Thursday, 17 October 2013

Take advantage of Osborne’s boom while it lasts


Chancellor George Osborne seems determined to stoke a pre-election house price boom.

The coalition has launched two separate schemes that are both designed to push up mortgage lending in the UK.

Potential homebuyers with a small deposit are now much more likely to get a mortgage. That in turn is already driving house prices higher.

I think the chancellor is making a mistake. Another property boom won't help the UK in the long-term. But that shouldn't stop you and I making money while the party lasts.

The fact is, Osborne will do whatever he can to keep house prices moving up for the next two years. He's got to get and keep the 'feel-good' factor going until the election.


That means there's plenty of time for investors to buy now and sell later at a good price.

And that means that - believe it or not - it might be worth buying into London's most aggressive estate agency…
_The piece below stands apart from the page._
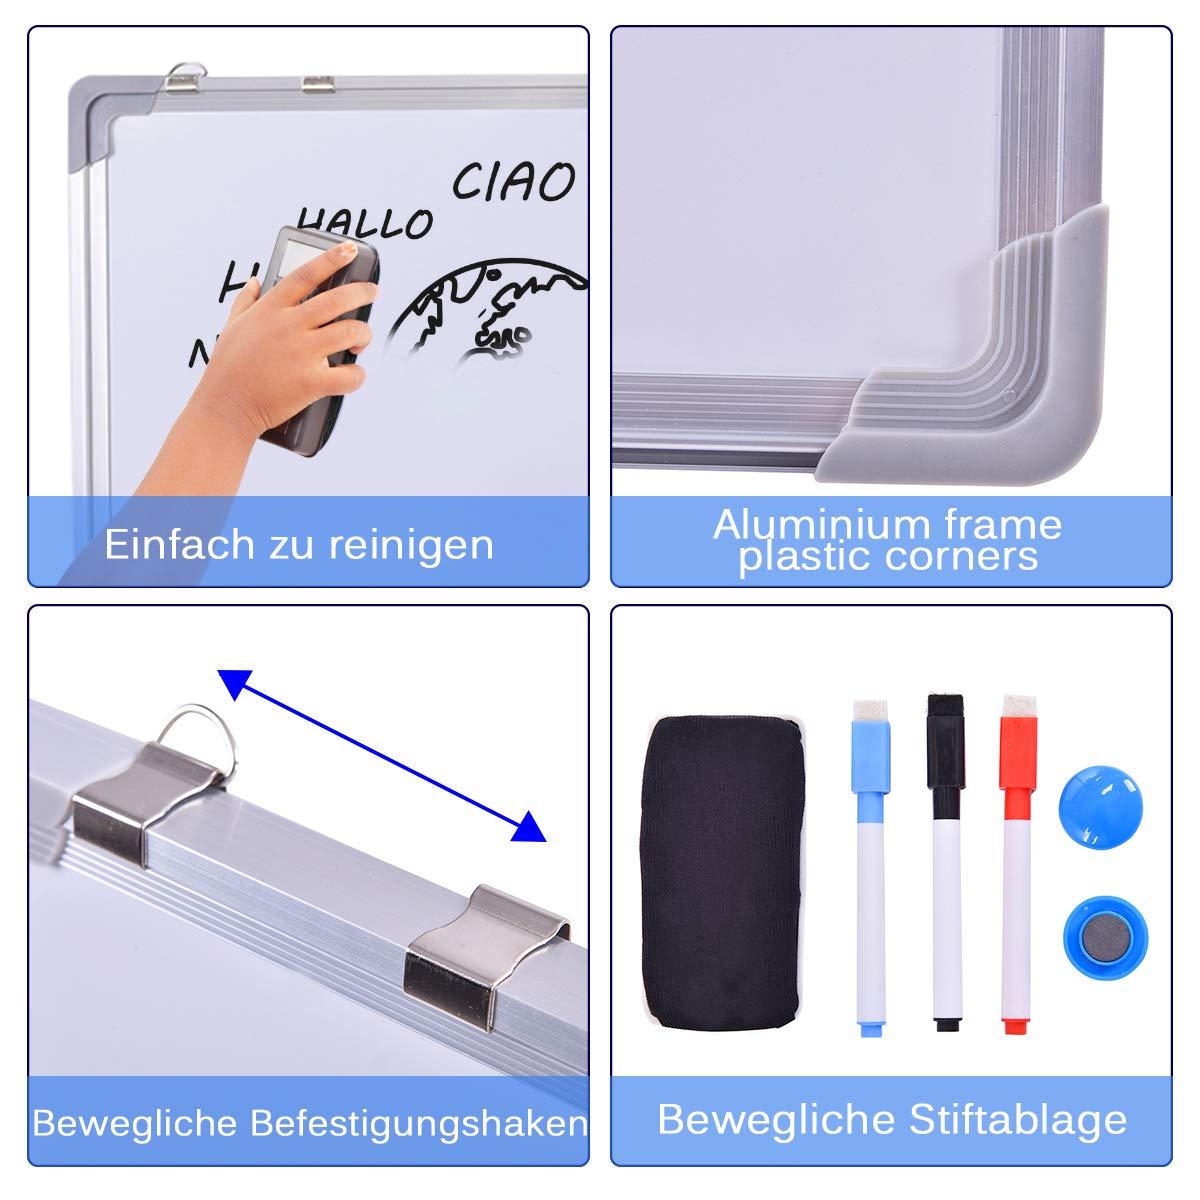 120x90cm COSTWAY Whiteboard Magnettafel Schreibttafel Pinnwand Wandtafel Board Memoboard mit Alurahmen viele Gr/ö/ßen w/ählbar

Why this year could be good for Foxtons

Shares in London estate agent Foxtons (LSE: FOXT) have jumped by 15% since the company listed last week. Yet, I think you could still make money from the stock. The main selling point to Foxtons is that it's very much a London-based business. Nearly all of its 42 branches are located in the capital.

Land Registry figures show that London property prices rose by 6.9% in the year to June, whereas prices across England and Wales only rose by 0.8%. What's more, London prices are 6% above their pre-crash peak, while in the rest of the country they are still 10% below that peak.

You could argue that prices outside London will have to catch up, which means that London won't be where the biggest gains will be made in future. But I suspect that London will continue to outperform the rest of the country.

London's market is very different from the rest of the UK. It's supported by plenty of overseas buyers, not to mention City salaries (bankers still get bonuses, after all).

The biggest threat to the London market may be a strengthening pound, which would reduce overseas buying power. But given that Mark Carney is determined to keep interest rates as low as he can for as long as he can, we doubt the pound can get a lot stronger from here.

It's also worth remembering that what really matters to estate agents is transaction numbers. It's the number of sales going through the books that generates the commission ¬- house prices themselves are secondary.